# meel - bloem



## Encolpius

Hello, is there any difference between those words? Thanks a lot.


----------



## Frank06

Hi,

According to my dictionary, _bloem_ is "fijn gezift meel".
I think the same disctinction is made in English, viz. meal ("coarsely ground flour") versus flour.

Groetjes,

Frank


----------



## Encolpius

Frank06 said:


> Hi,
> 
> According to my dictionary, _bloem_ is "fijn gezift meel".
> I think the same disctinction is made in English, viz. meal ("coarsely ground flour") versus flour.
> 
> Groetjes,
> 
> Frank


 

Thanks Frank, but let's drop the dictionaries and tell me what YOU use at home. Which word is preferred? Thanks.


----------



## Suehil

The two are used in the same way as in English.  If you want to cook with it, it is 'bloem' or 'flour', if it is something like animal feed it is 'meel' or 'meal'


----------



## Frank06

Hi,


Encolpius said:


> Thanks Frank, but let's drop the dictionaries and tell me what YOU use at home. Which word is preferred? Thanks.

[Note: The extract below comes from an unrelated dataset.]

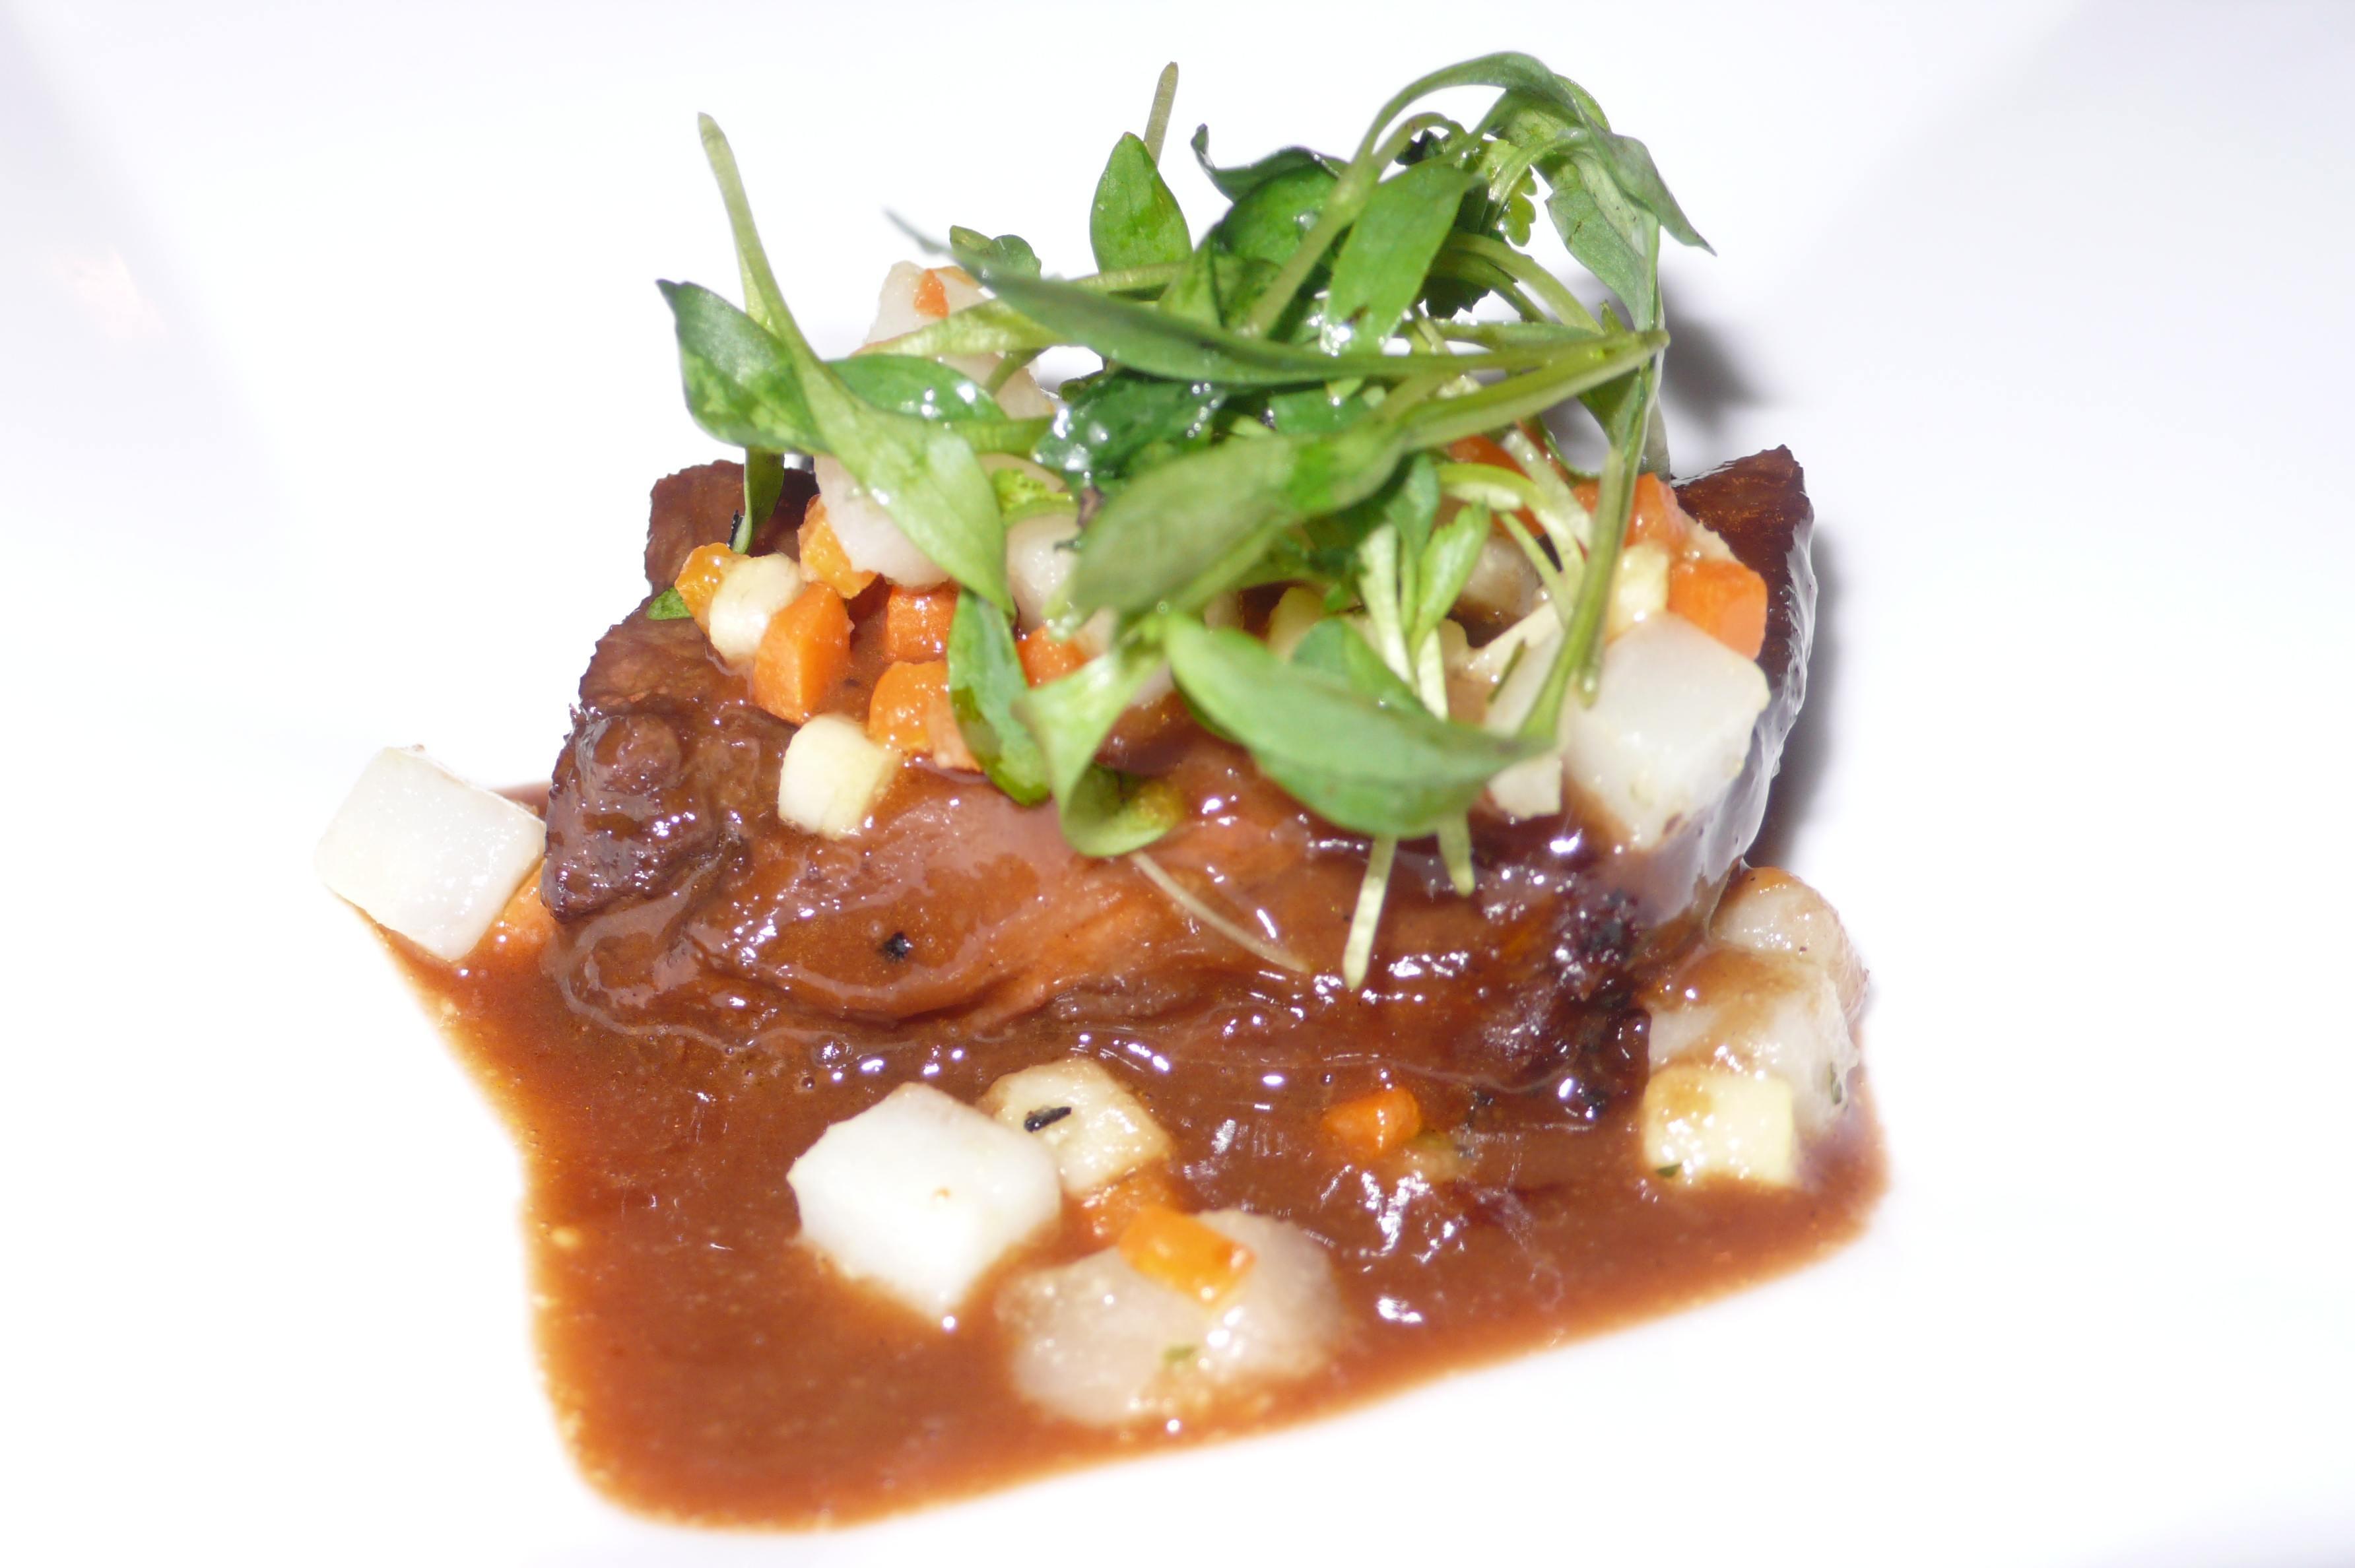 Slow braised short rib with pastroville artochoke and micro cilantro salad

Preferred? But it's two different things. You don't say 'pot' if you need a pan, do you? If we need meal, we use the word _meel_, if we need flour, we use the word _bloem._
 Both are used 'in the kitchen', both are used to make bread, for example, see also here.

Groetjes,

Frank


----------



## L.J90

Well, for me it depends on what I'm going to bake.. If it's bread I use 'meel', but if it's a cake I use 'bloem'.


----------



## Encolpius

Thanks a lot. The problem is in my native language and languages I am fluent there is only 1 word for those things. Germans do not distinguish those words (das Mehl) and I never heard meal in English used as flour, but we should ask in those cases a native speaker.


----------



## Joannes

I've never known there was a difference in meaning - I thought they were synonyms. (And I myself tend to use *bloem* - but I suppose, given the different meanings, that *bloem* is the one I should use..)


----------



## floortje

I agree with Joannes; I never knew there was a difference. But unlike Joannes I tend to use "meel".
I think the conclusion is that the difference between the two is not very known (also Frank had to look it up (twice)).

groetjes,


----------



## Frank06

Hi,


floortje said:


> I think the conclusion is that the difference between the two is not very known (also Frank had to look it up (twice)).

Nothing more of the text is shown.